La pièce s’achève et l’on voudrait encore suivre ces jeunes (souvent ex-miliciens, faute de mieux) dans leurs histoires d’amour et de haine éteinte!

Les selfies, sourires et discussions entre les gens du public et ces comédiens merveilleux se prolongent, la magie de l’art se lit sur les visages, les mots dans l’amphithéâtre et à l’extérieur. Des visages souriants. Heureux, tout simplement.

Merci à l’ONG March (Léa Baroudi – Jad Ghorayeb) et Lucien Bourjeily et un grand bravo à ces jeunes comédiens si généreux, si heureux de montrer leur Tebbaneh-Jabal Mohsen, leur manière de vivre ensemble… leur manière d’avoir appris à re-vivre ensemble pour de vrai, grâce au théâtre.

Il reste à souhaiter que cet exemple de travail soit suivi par d’autres, beaucoup d’autres opérations théâtrales/théâtralisées de catharsis : cela est hautement salutaire pour un pays si petit géographiquement mais bourré de frontières mentales.

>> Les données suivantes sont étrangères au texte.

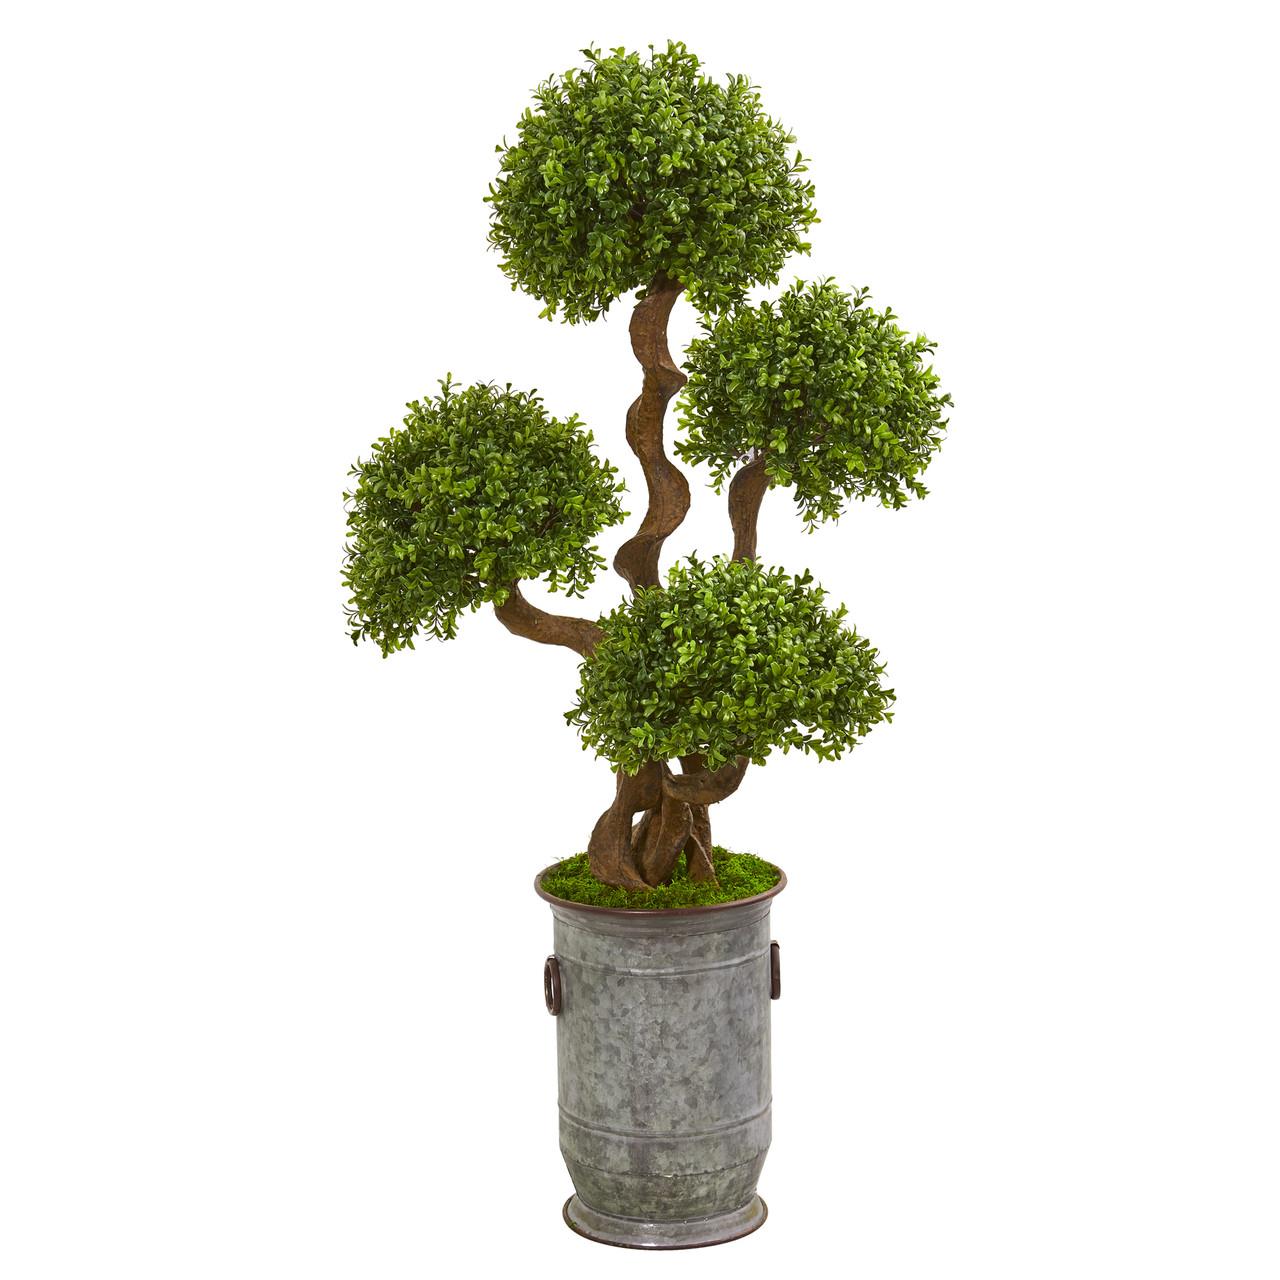 50 Triple Ball Boxwood Artificial Topiary Tree In Metal Planter Modern Farmhouse Glam
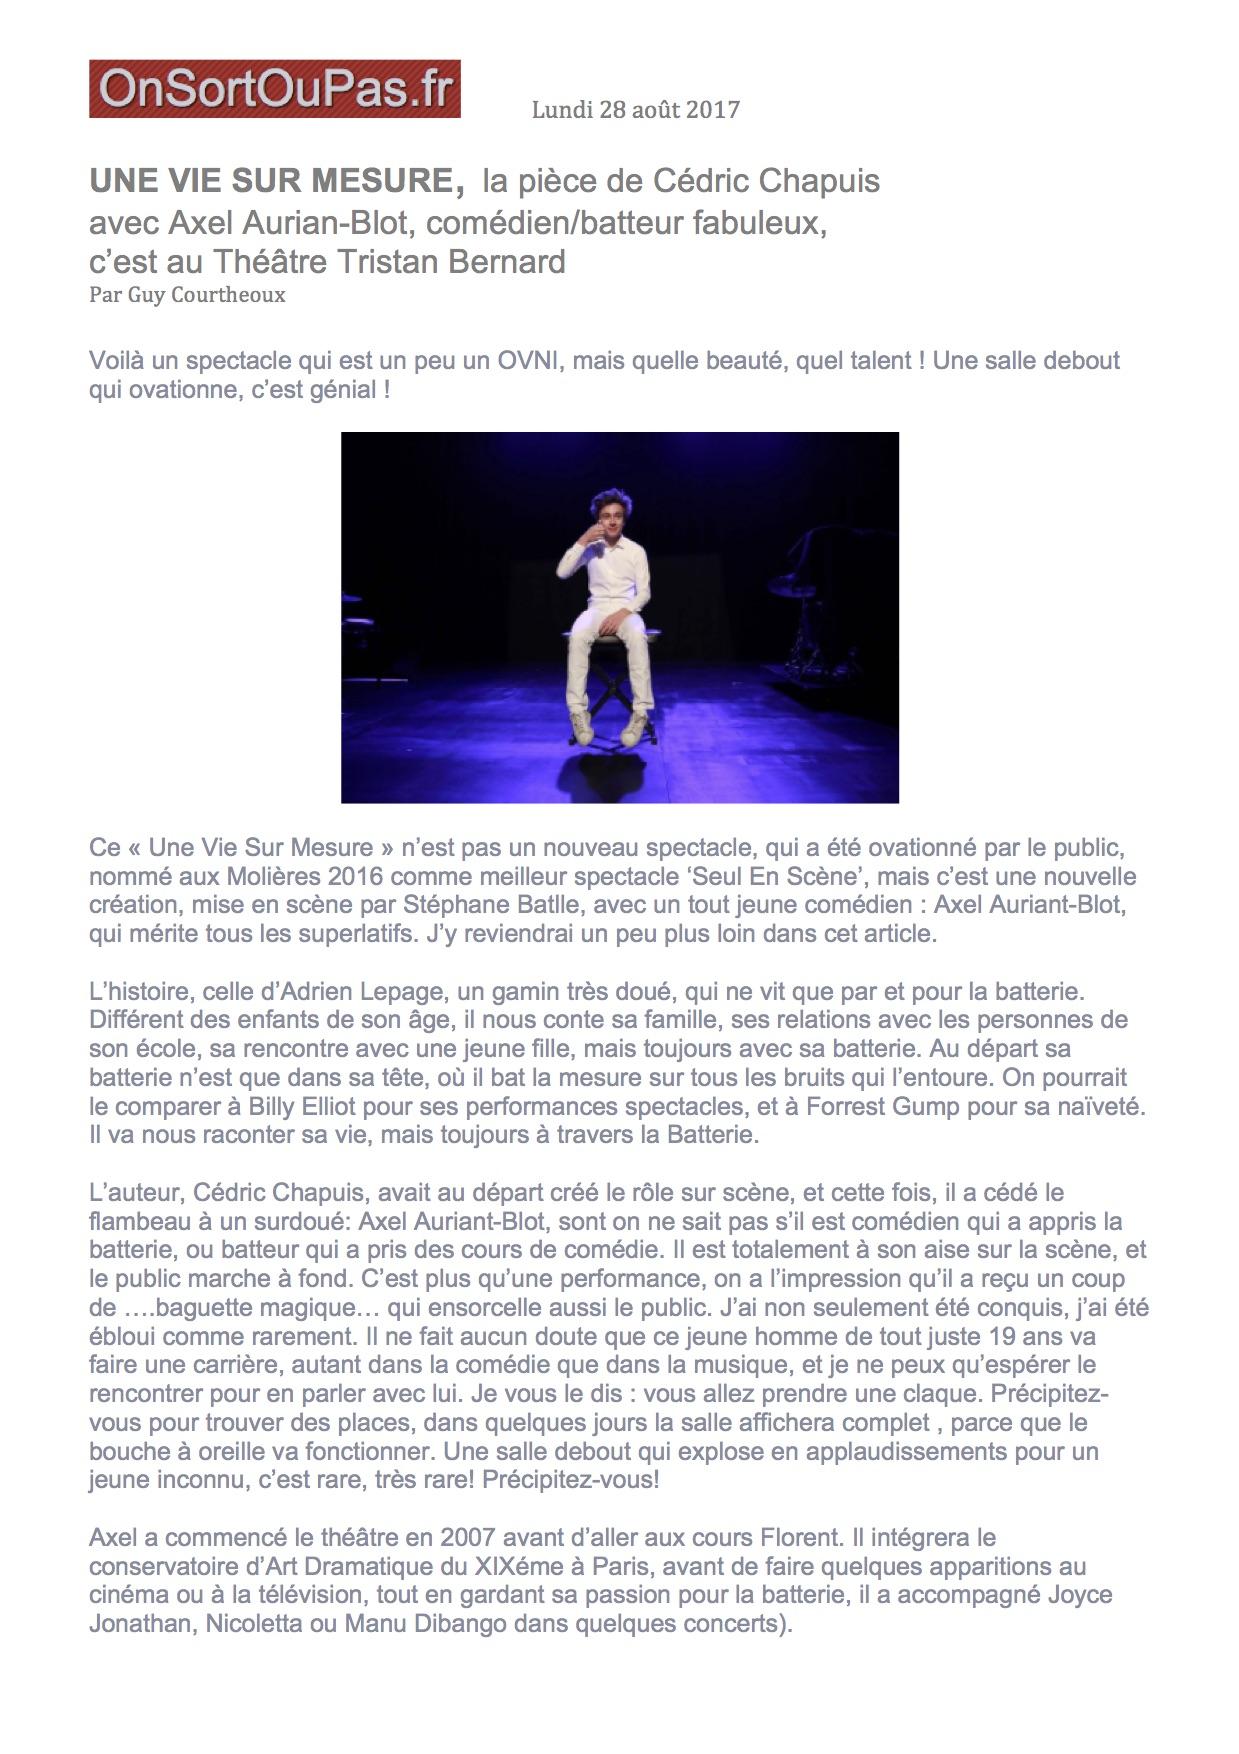 Onsortoupas.fr 28.08.17

Un pays malade de ses confessions et, surtout, malade d’une classe politique et financière qui s’auto-regénère et développe ses tentacules à travers les quartiers, les régions et les esprits.

PS: pour la petite histoire, le terme de catharsis m’est venu comme une évidence au moment où je concluais ce topo. En voici la double définition  (selon le dictionnaire Antidote):

– au plan philosophique, selon Aristote la catharsis est « l’effet de purification des passions produit chez les spectateurs d’une représentation dramatique »

– au plan psychanalytique, il s’agit d’une « libération émotionnelle liée à l’extériorisation de souvenirs longtemps refoulés d’évènements traumatisants ».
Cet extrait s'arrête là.